▶ Exercise data:

============================================================

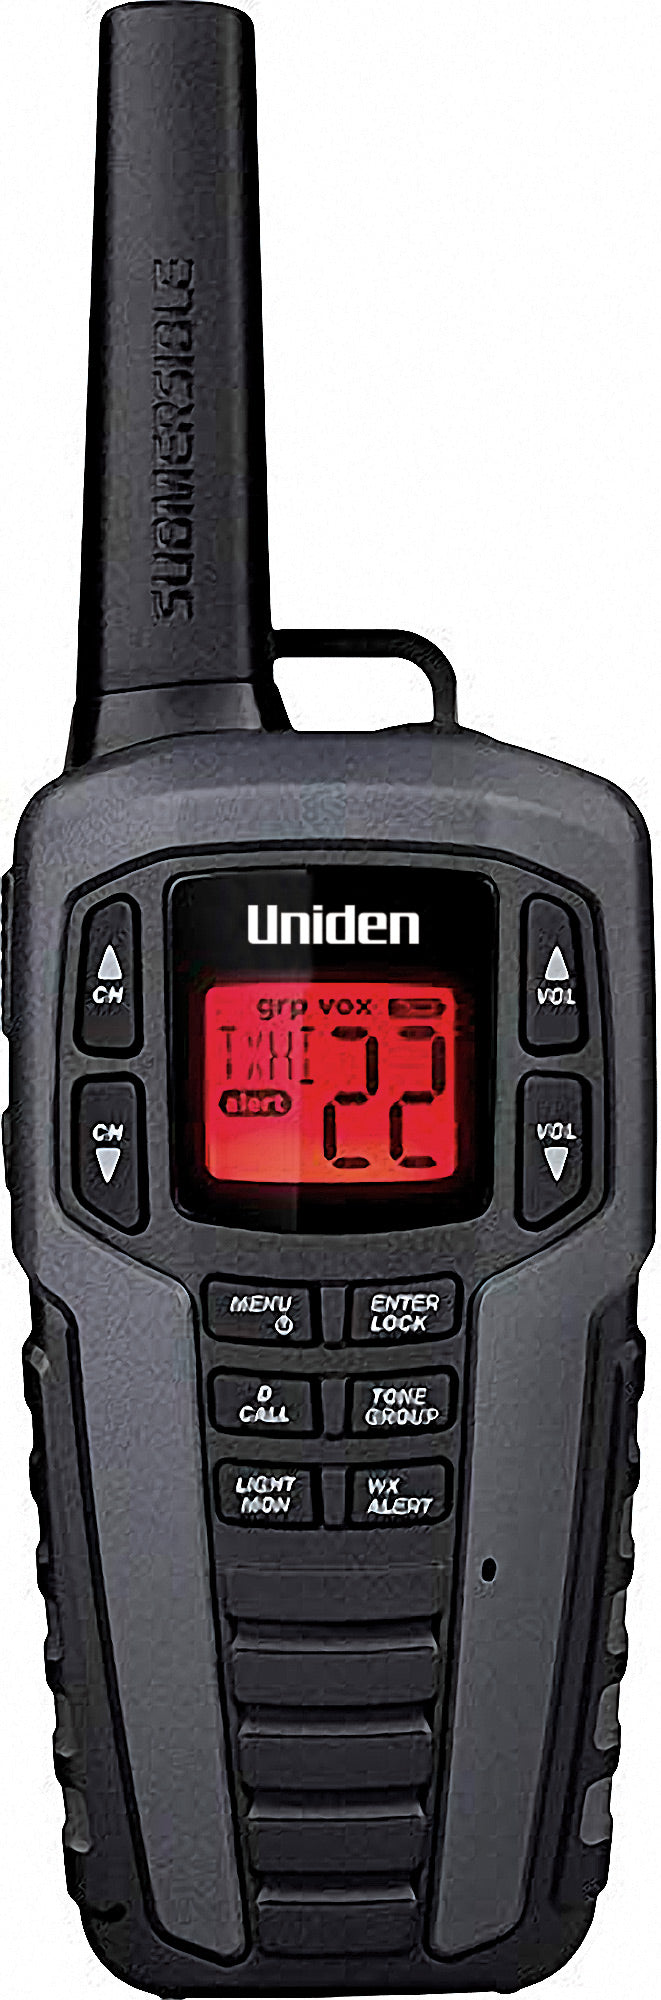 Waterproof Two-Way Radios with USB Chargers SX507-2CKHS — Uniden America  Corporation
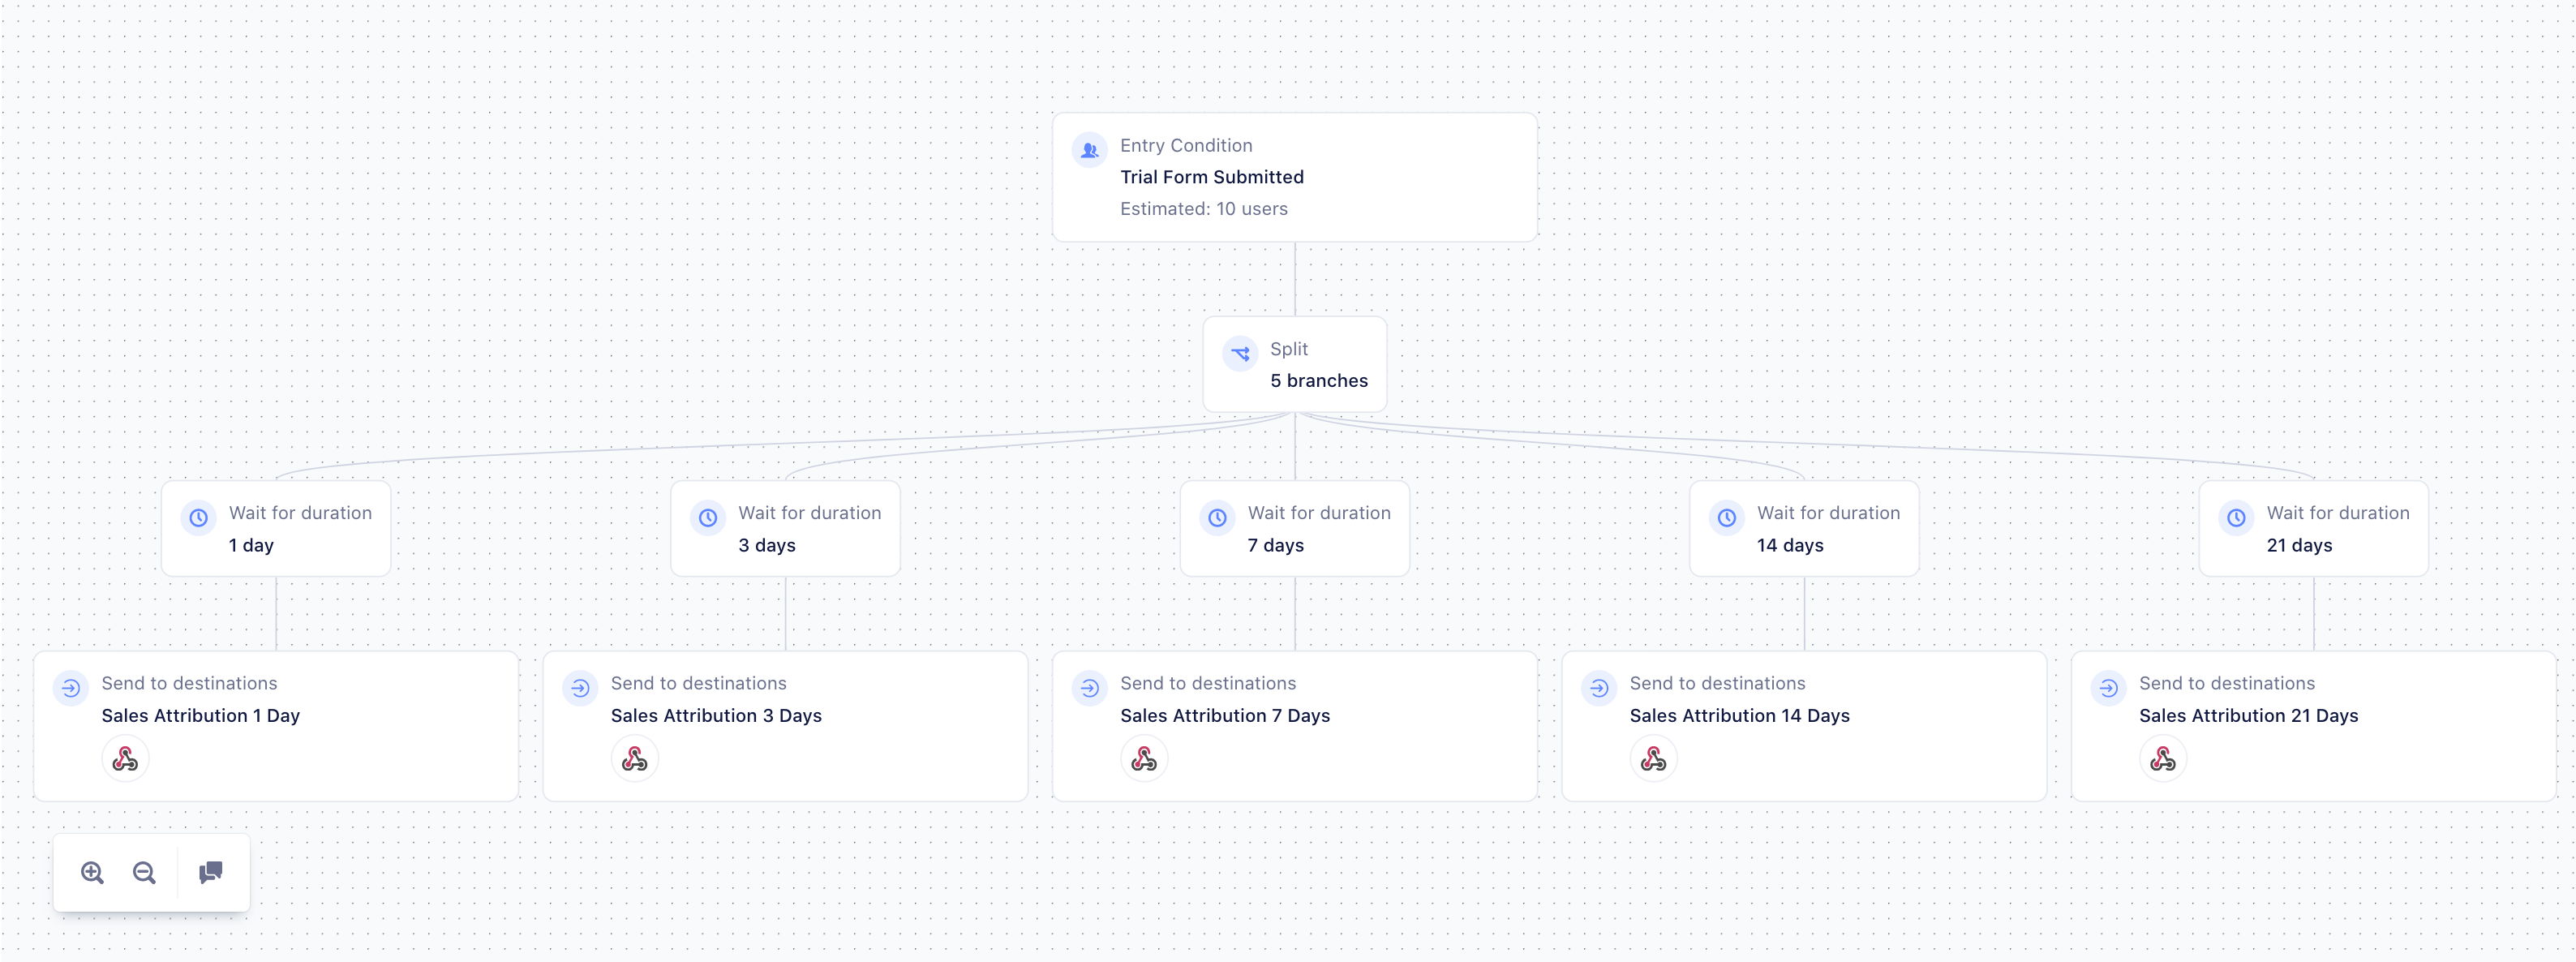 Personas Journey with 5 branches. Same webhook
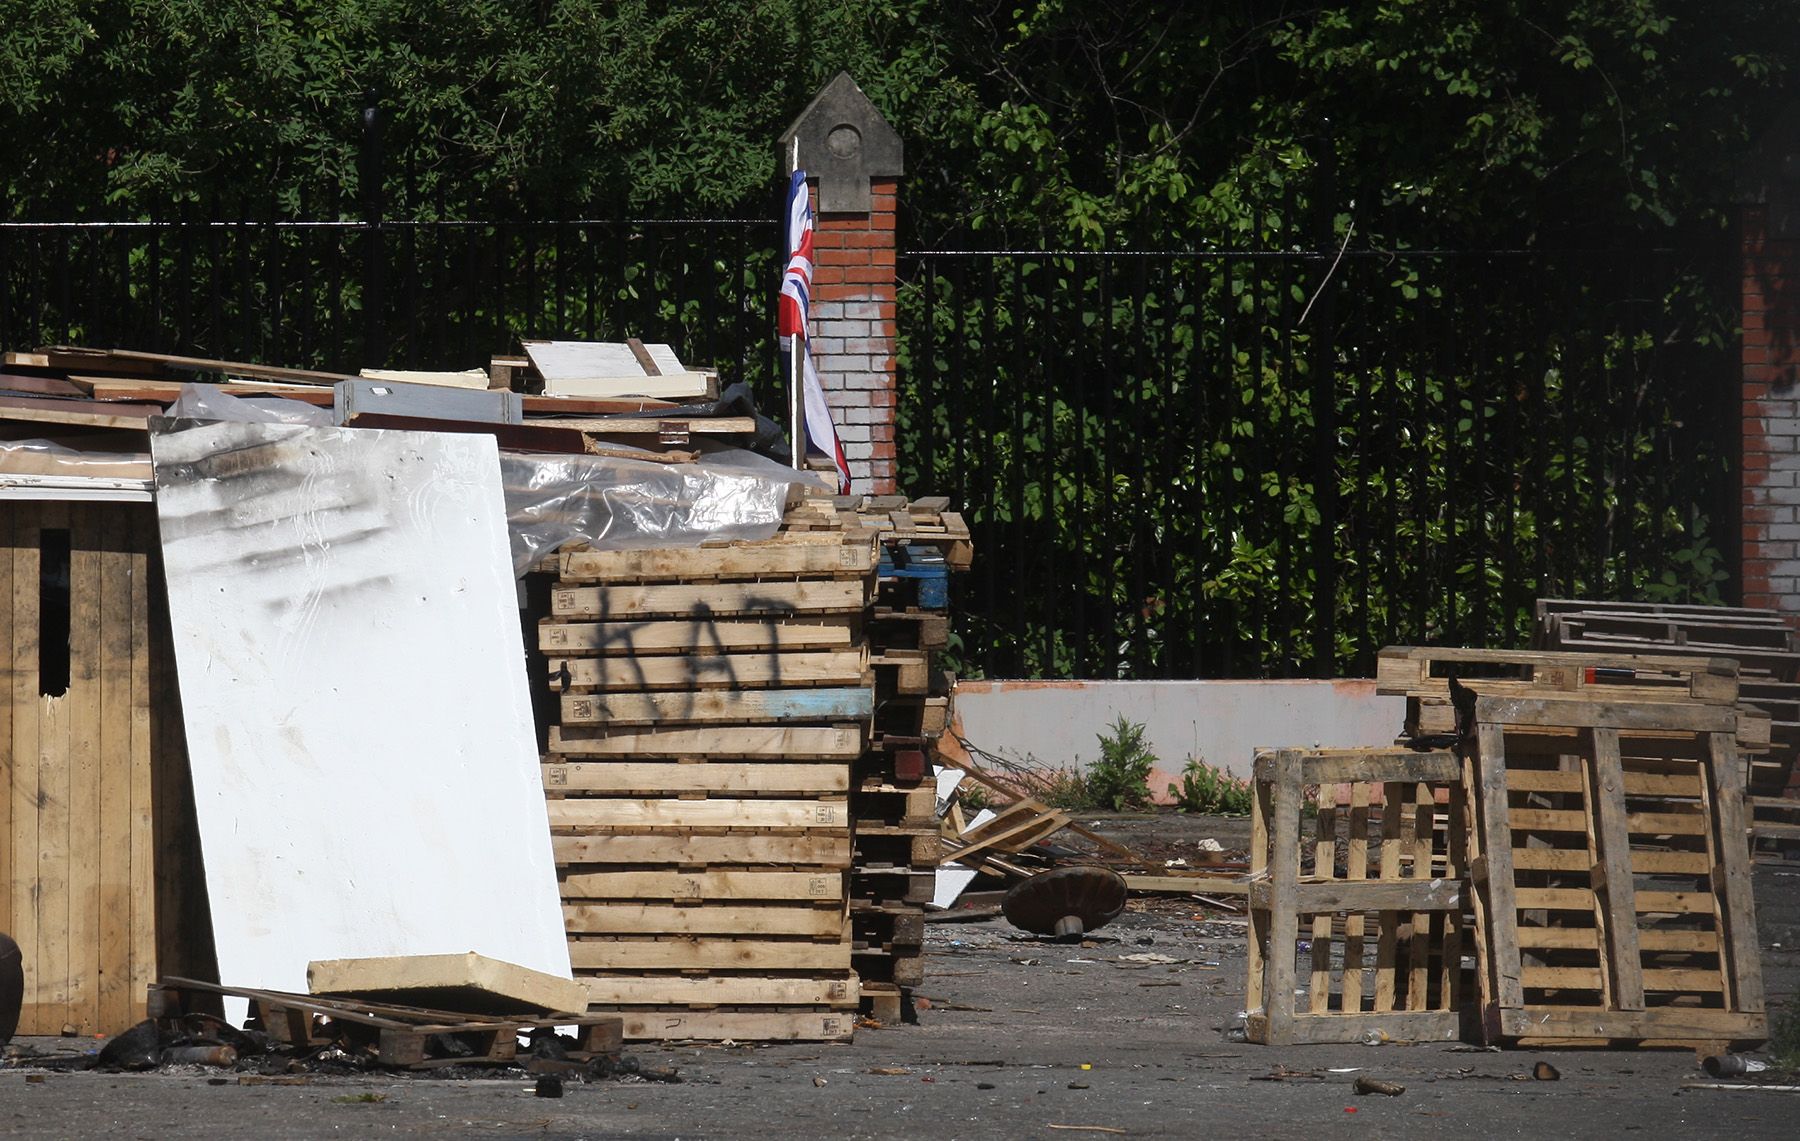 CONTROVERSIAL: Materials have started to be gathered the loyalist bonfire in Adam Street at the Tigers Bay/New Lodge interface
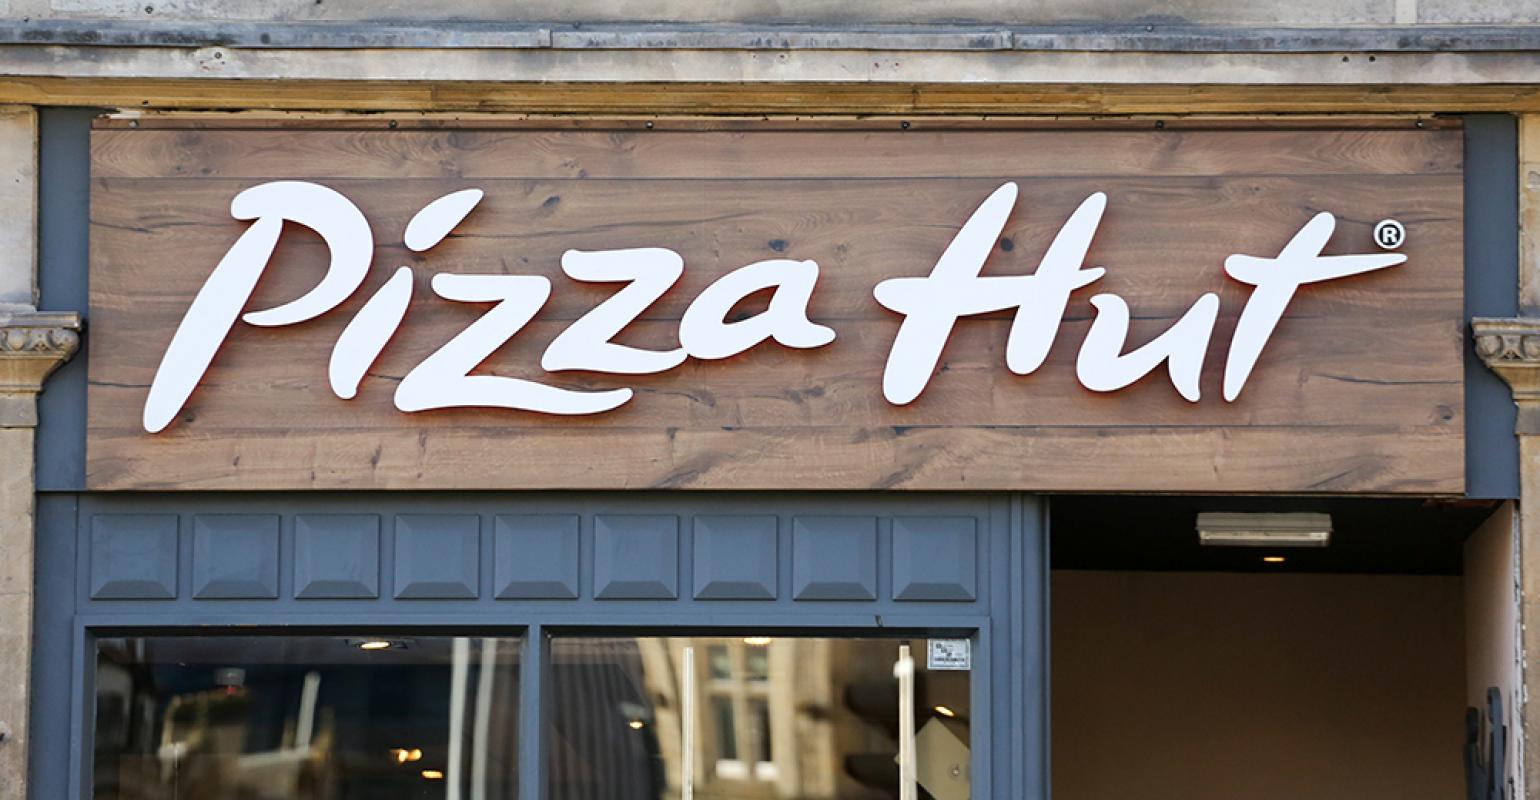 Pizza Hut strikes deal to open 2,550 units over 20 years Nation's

============================================================

▶ What this task involves: Across the whole listing above, repeat each line exactly and leave out the images.

▶ Answer space:
 Waterproof Two-Way Radios with USB Chargers SX507-2CKHS — Uniden America  Corporation
 Personas Journey with 5 branches. Same webhook
 CONTROVERSIAL: Materials have started to be gathered the loyalist bonfire in Adam Street at the Tigers Bay/New Lodge interface
 Pizza Hut strikes deal to open 2,550 units over 20 years Nation's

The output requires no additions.